- North American cover art
- Developer: Game Arts
- Publishers: Enix (retail); Square Enix (PSN);
- Artist: Kamui Fujiwara
- Composer: Noriyuki Iwadare
- Series: Grandia
- Platform: PlayStation 2
- Release: JP: January 31, 2002; NA: September 30, 2002;
- Genre: Role-playing
- Mode: Single-player

= Grandia Xtreme =

2002 video game

Grandia Xtreme (グランディア エクストリーム, Gurandeia Ekusutorīmu) is a role-playing video game developed by Game Arts and published by Enix for the PlayStation 2 video game console in January 2002. The game is part of the Grandia series. It was released by publisher Square Enix for PlayStation Network in Japan on December 17, 2014.

==Gameplay==

Grandia Xtreme plays very similarly to the rest of the games in the Grandia series, which are traditional role-playing video games with battles that occur within dungeons or during scripted situations. Combat takes place on a three-dimensional battlefield where the characters move around, striking enemies as they get near them. The Battle Gauge displays icons representing characters and enemies currently in battle. The icons move along the Battle Gauge at a rate which corresponds to their "speed" rating. Once an icon reaches the top of the circle, the character is allowed to either attack, use items, defend, or flee the battle.
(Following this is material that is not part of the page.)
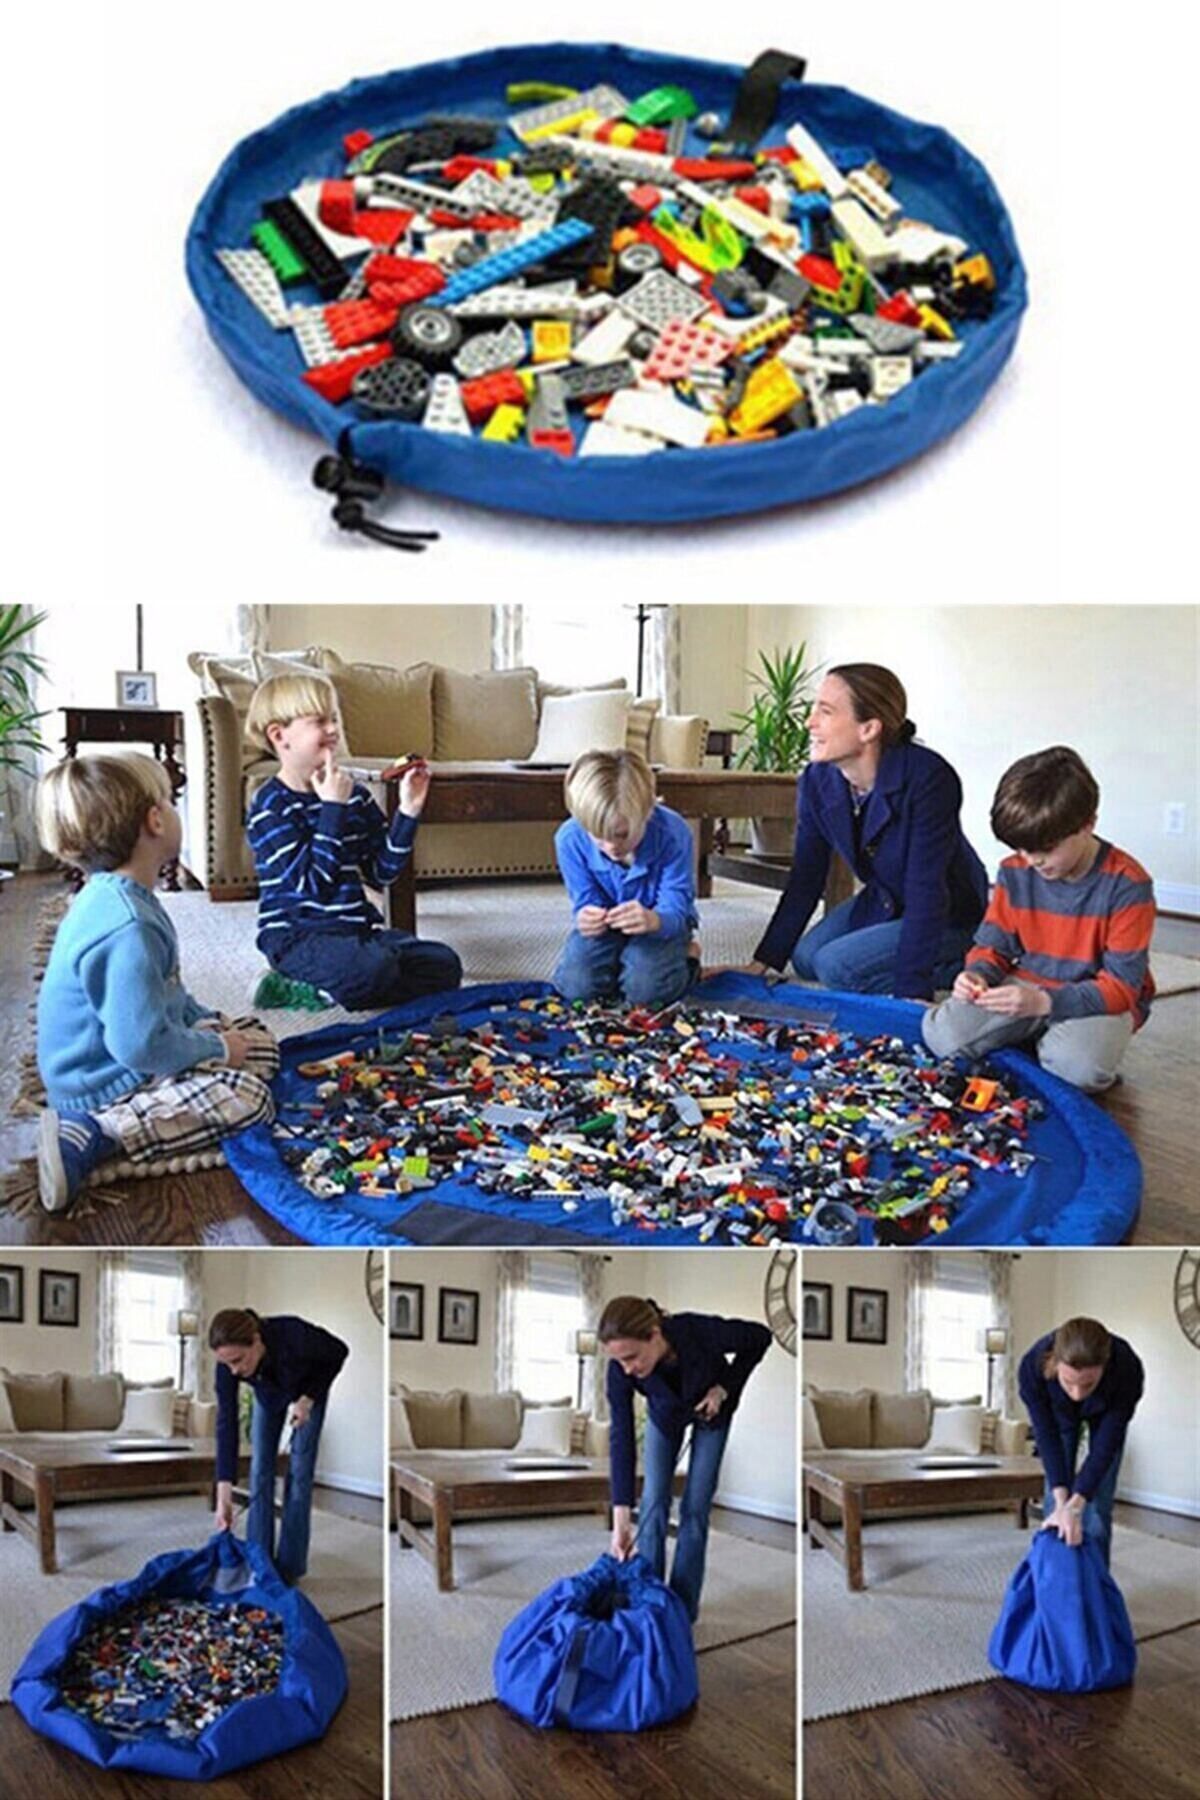 Bundera Çocuk Oyuncak Hurcu Çanta Oyun Halısı Lego Puzzle ve Yapboz Eğitici Oyuncaklar Sepeti Mavi

Players progress by going through dungeons and completing puzzle-based problems. "Geo Gates" transport the player back to the city, the only place with a save point in the armory. Some gates are one-way, and can only be used to return to Locca, not leaving an opportunity to return. After using these gates, players are required to begin the dungeon again.

==Plot and setting==
The fictional world of Grandia Xtreme is populated by three races: the militaristic and resourceful Humans; the pointy-eared Arcadians, characterized by their magic; and the tribal, beast-like Hazmans. At the beginning of the game, the three races have co-existed in an uneasy alliance for several years, but a natural disaster known as the "Elemental Disorder" occurs and threatens them. In response, the Humans focus their Nortis Army into researching the cause of the disturbances. Representatives from the other races gather to help but tensions and distrust arise along with the possibility of the disasters having been created artificially.

The player takes on the role of Evann, a young ranger who can activate the technology present in certain ruins of the world. He has trained himself to use a sword after his father's death, but has not developed a proper work ethic. Evann is thrown into a series of events that will lead him to discover the cause of the Elemental Disorder, the military's real intentions, and hidden truths behind the ruins.

Seven characters join Evann as playable characters: Carmyne, a sergeant of the Nortis Army who fights with a saber and dislikes taking orders, but revels in giving them; Brandol, a brave but gentle soldier who wields a long sword and has a knack for engineering; Myam, a young and impulsive archer from Hazma; Lutina, a cold-blooded, experienced officer from Arcadia fighting with a dagger; Ulk, an aged Hazman wielding an axe and working with the Nortis Army; Titto, a young and timid Arcadian knife-user only comfortable around Jaid; and Jaid himself, an arrogant staff-wielding knight from Arcadia. All eight characters are eventually led to combine their forces in an attempt to put an end to the problems facing their world.

==Development==
A new installment in the Grandia series developed by Game Arts was officially announced on June 1, 2001 with the tentative name of Grandia X. The game, later retitled Grandia Xtreme, was to be published by Enix as they had just invested capital in Game Arts for a total of ¥99.2 million, or 15% of the company. The game was the first title Game Arts developed exclusively for the PlayStation 2. While previous installments in the series were traditional role-playing video games, the developers took the new title in a different direction and designed it more as an action role-playing game or dungeon crawler to make it more accessible to casual gamers. They nevertheless kept and enhanced mainstays such as the combat and magic systems, as well as the "enchantment" aspect of the story. To design the characters of the game, Enix and Game Arts selected Kamui Fujiwara, the character designer of Terranigma. Development for the game spanned roughly 18 months.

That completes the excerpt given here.